An aside: Small and large multiline strings
The first entry in the list above, "Putting newlines in string literals", might be thought of as a subset of the fourth, "putting very large quantities of text in string literals". (In fact, all of the entries could perhaps be subsumed by the fourth.) However, we believe they are best addressed as separate goals, using separate features.
When you are embedding enormous string literals in source code, you must put undistorted representation of the string above all other considerations. If the design which best permits the string to be written verbatim is ugly, bulky, unlike other language constructs, disruptive to code readability, error-prone, arbitrary, difficult to parse, or otherwise a wart on the language, that is simply the price we have to pay for that feature.
But it's a different story for short multiline strings. When you are writing a little bit of text, but still more than one line, you don't want to disrupt your code's indentation, add whole lines just for delimiters, insert bizarre or cryptic tokens into your code, or create syntax errors which take ten minutes to trace back to their source. You want a different feature, with different tradeoffs.
It is that feature which we propose.
The goal: Newlines in string literals
Consider a piece of code which generates a small XML string:
let xml = "<?xml version=\"1.0\"?>\n<catalog>\n\t<book id=\"bk101\" empty=\"\">\n\t\t<author>\(author)</author>\n\t</book>\n</catalog>"
The string is practically unreadable, its structure drowned in escapes and
run-together lines; it looks like little more than line noise. We can
improve its readability somewhat by concatenating separate strings for
each line and using real tabs instead of
let xml = "<?xml version=\"1.0\"?>\n" + "<catalog>\n" + " <book id=\"bk101\" empty=\"\">\n" + " <author>\(author)</author>\n" + " </book>\n" + "</catalog>"
However, this creates a more complex expression for the type checker, and there's still far more punctuation than ought to be necessary. If the most important goal of Swift is making code readable, this kind of code falls far short of that goal.
The example above generates XML, but there are many similar cases where a short fragment of text including newlines must be included in a string literal:
- Generating HTML, a task which will hopefully become more common
- Generating error messages and other user-facing text, in both graphical and command-line interfaces
- Generating configuration files and other "scripty" tasks
- Generating messages for other text-based protocols and formats
- Generating Swift code (common to work around the current lack of metaprogramming features other than generics)
- Generating code in general
We propose that, when Swift is parsing a string literal, if it reaches the end of the line without encountering an end quote, it should look at the next line. If it sees a quote at the beginning (a "continuation quote"), the string literal contains a newline and then continues on that line. Otherwise, the string literal is unterminated and syntactically invalid.
Our sample above could thus be written as:
let xml = "<?xml version=\"1.0\"?> "<catalog> " <book id=\"bk101\" empty=\"\"> " <author>\(author)</author> " </book> "</catalog>"
If the second or subsequent lines had not begun with a quotation mark,
or the trailing quotation mark after the
</catalog> tag had not been
included, Swift would have emitted an error.
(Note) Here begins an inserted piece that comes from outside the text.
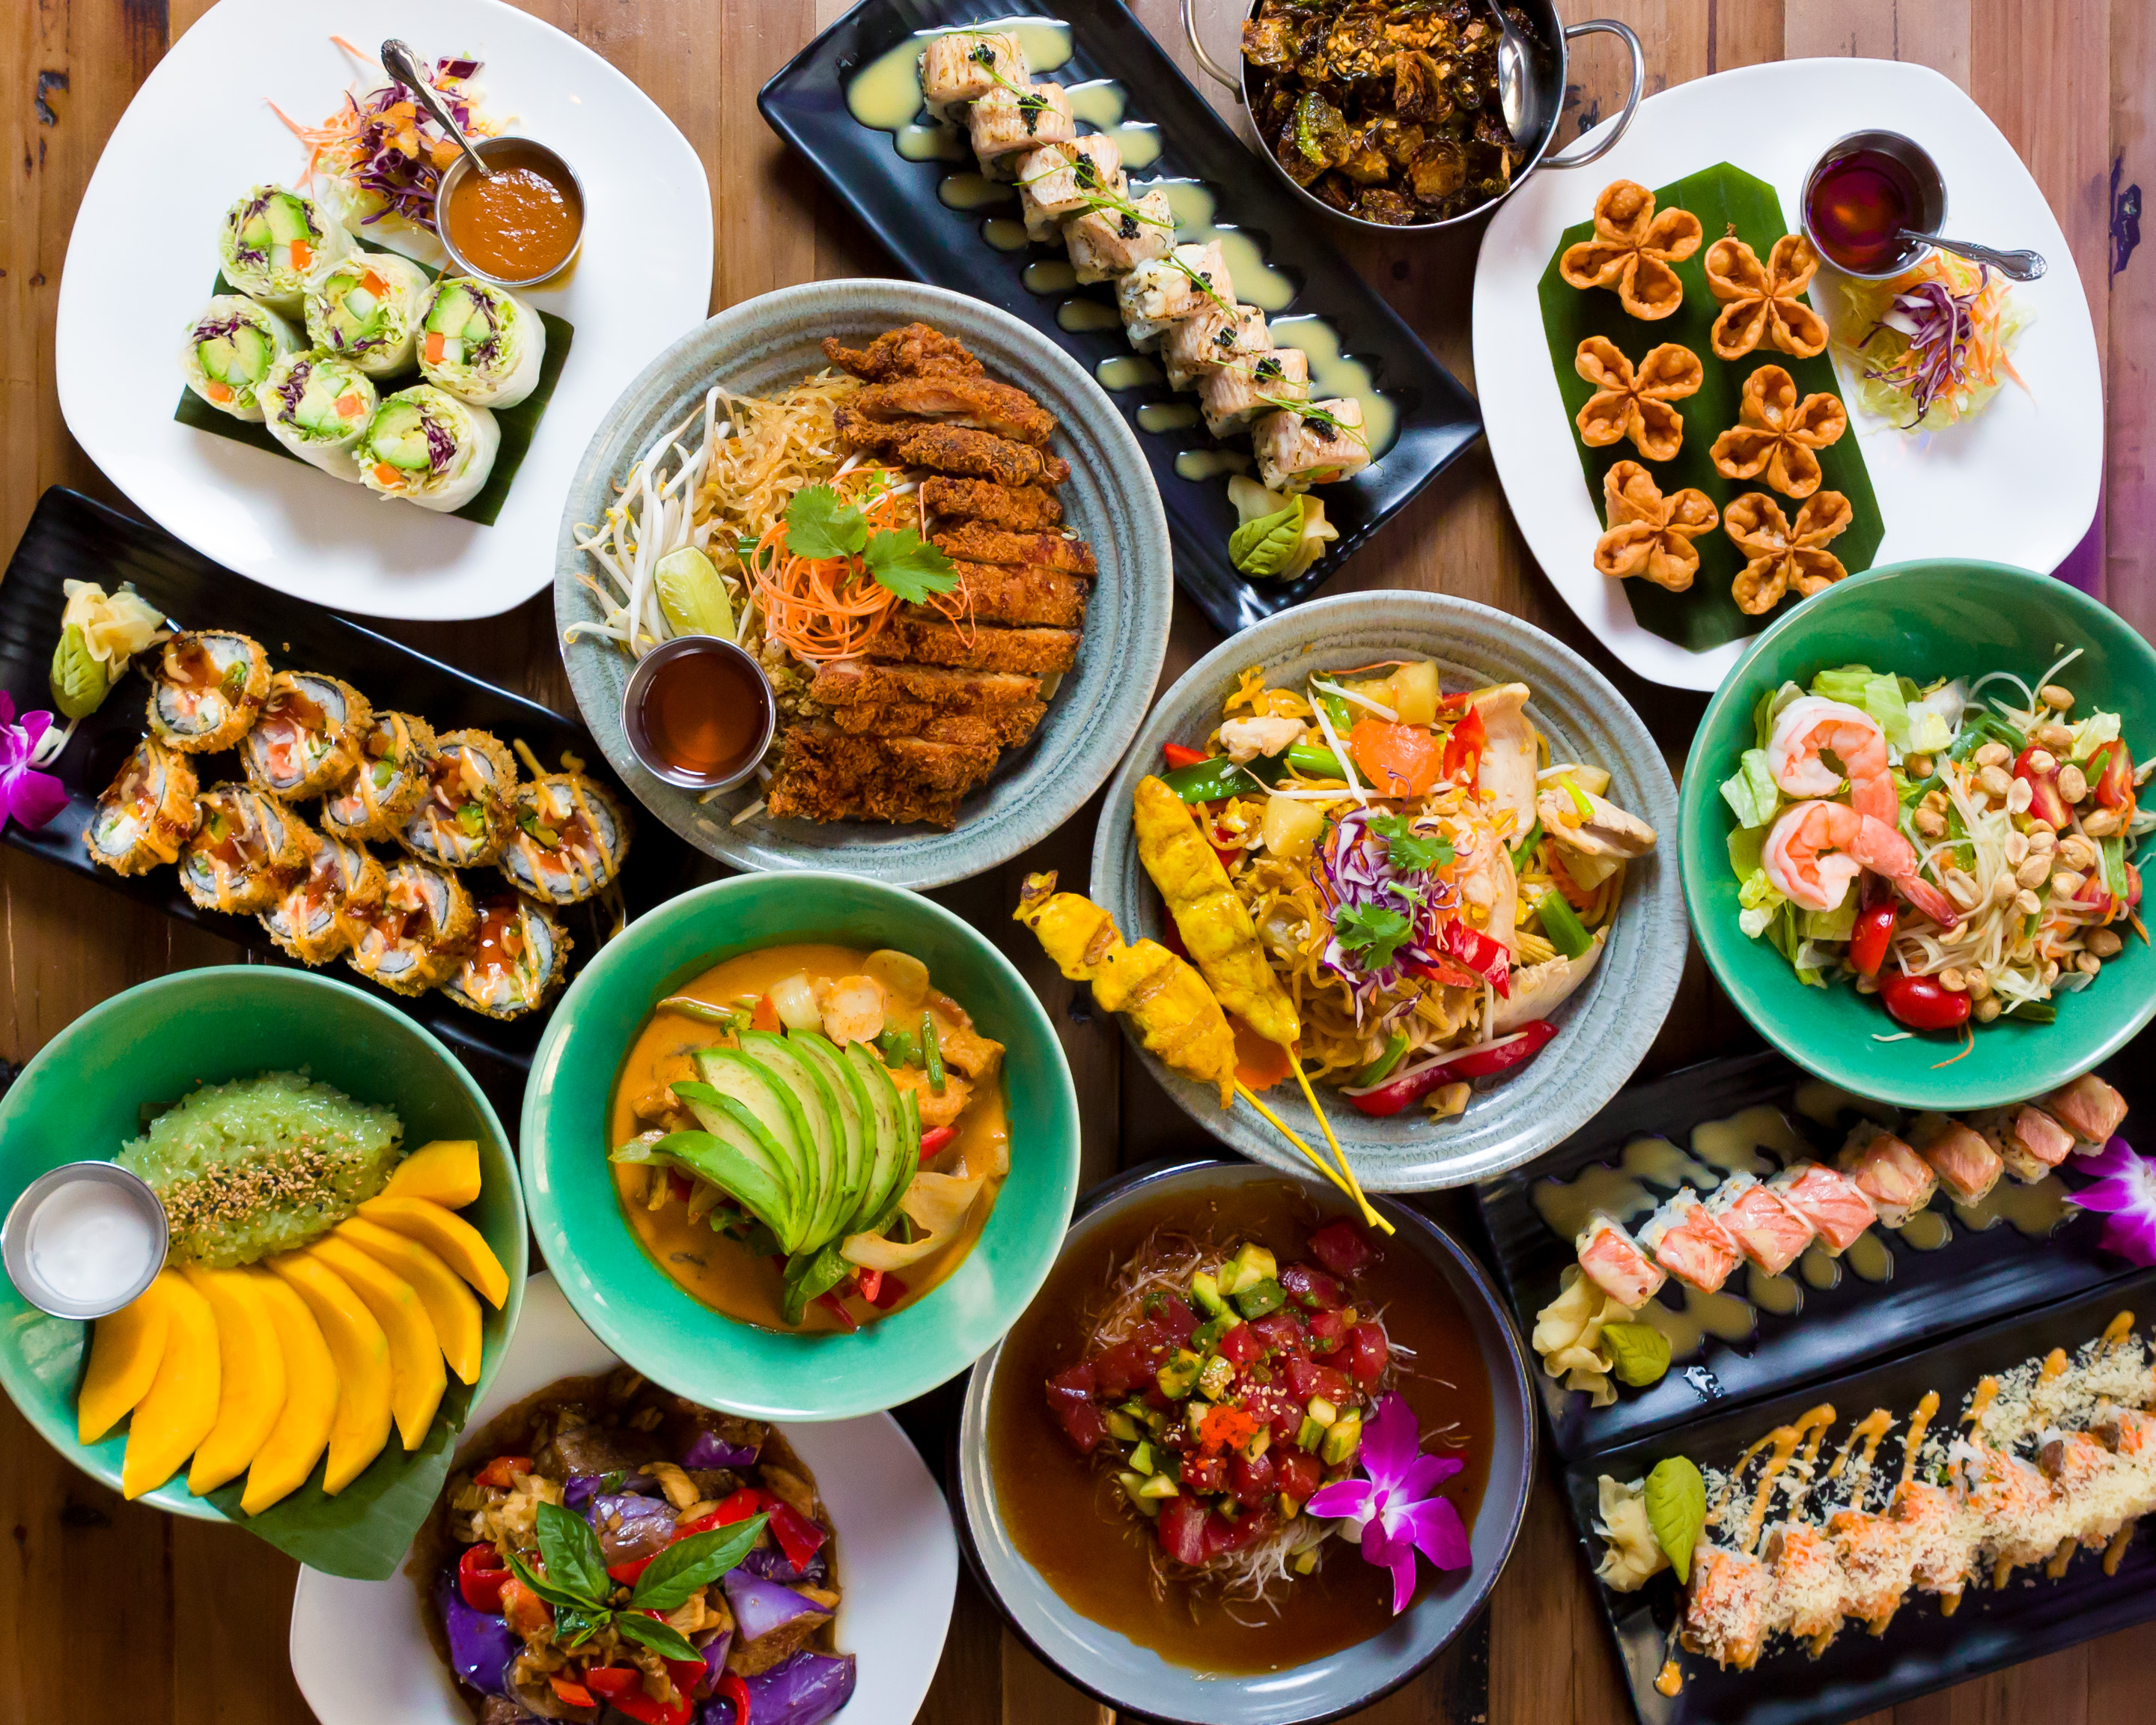 A spread of food from a Thai and Japanese restaurant, viewed from overhead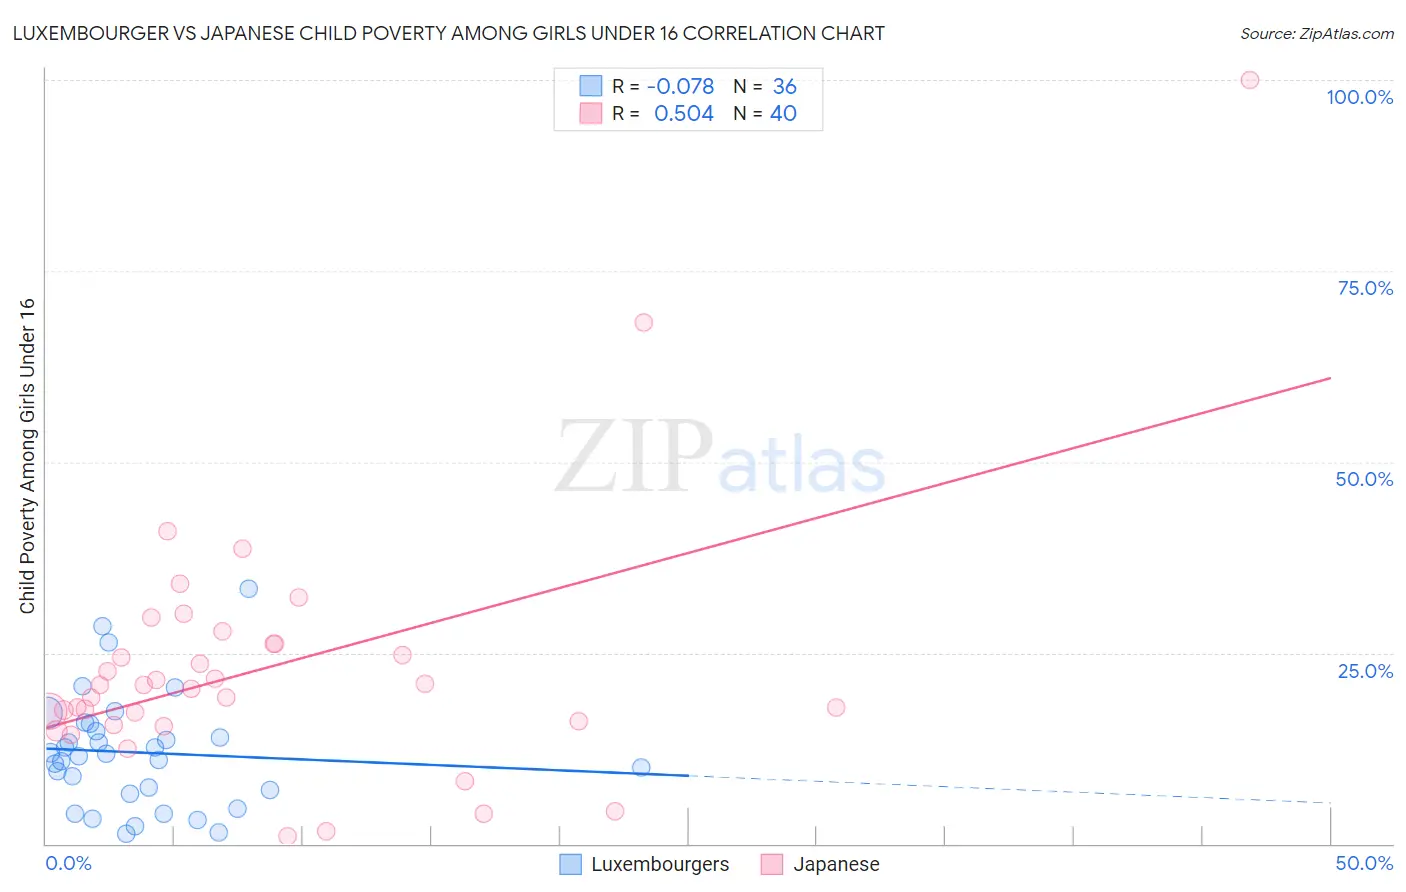 Luxembourger vs Japanese Child Poverty Among Girls Under 16

This design is rather unusual, and it's worth pausing for a moment to explain why it has been chosen.
The traditional design for this feature, seen in languages like Perl and Python, simply places one delimiter at the beginning of the literal and another at the end. Individual lines in the literal are not marked in any way.
We think continuation quotes offer several important advantages over the traditional design:
They help the compiler pinpoint errors in string literal delimiting. Traditional multiline strings have a serious weakness: if you forget the closing quote, the compiler has no idea where you wanted the literal to end. It simply continues on until the compiler encounters another quote (or the end of the file). If you're lucky, the text after that quote is not valid code, and the resulting error will at least point you to the next string literal in the file. If you're unlucky, you'll get a seemingly unrelated error several literals later, an unbalanced brace error at the end of the file, or perhaps even code that compiles but does something totally wrong.
(This is not a minor concern. Many popular languages, including C and Swift 2, specifically reject newlines in string literals to prevent this from happening.)
Continuation quotes provide the compiler with redundant information about your intent. If you forget a closing quote, the continuation quotes give the compiler a very good idea of where you meant to put it. The compiler can point you to (or at least very near) the end of the literal, where you want to insert the quote, rather than showing you the beginning of the literal or even some unrelated error later in the file that was caused by the missing quote.
Temporarily unclosed literals don't make editors go haywire. The syntax highlighter has the same trouble parsing half-written, unclosed string literals that the compiler does: It can't tell where the literal is supposed to end and the code should begin. It must either apply heuristics to try to guess where the literal ends, or incorrectly color everything between the opening quote and the next closing quote as a string literal. This can cause the file's coloring to alternate distractingly between "string literal" and "running code".
Continuation quotes give the syntax highlighter enough context to guess at the correct coloration, even when the string isn't complete yet. Lines with a continuation quote are literals; lines without are code. At worst, the syntax highlighter might incorrectly color a few characters at the end of a line, rather than the remainder of the file.
They separate indentation from the string's contents. Traditional multiline strings usually include all of the content between the start and end delimiters, including leading whitespace. This means that it's usually impossible to indent a multiline string, so including one breaks up the flow of the surrounding code, making it less readable. Some languages apply heuristics, either at compile time or through runtime string manipulation functions, to try to remove indentation, but like all heuristics, these are mistake-prone and murky.
Continuation quotes neatly avoid this problem. Whitespace before the continuation quote is indentation used to format the source code; whitespace after the continuation quote is part of the string literal. The interpretation of the code is perfectly clear to both compiler and programmer.
They improve the ability to quickly recognize the literal. Traditional multiline strings don't provide much visual help. To find the end, you must visually scan until you find the matching delimiter, which may be only one or a few characters long. When looking at a random line of source, it can be hard to tell at a glance whether it's code or literal. Syntax highlighting can help with these issues, but it's often unreliable, especially with advanced, idiosyncratic string literal features like multiline strings.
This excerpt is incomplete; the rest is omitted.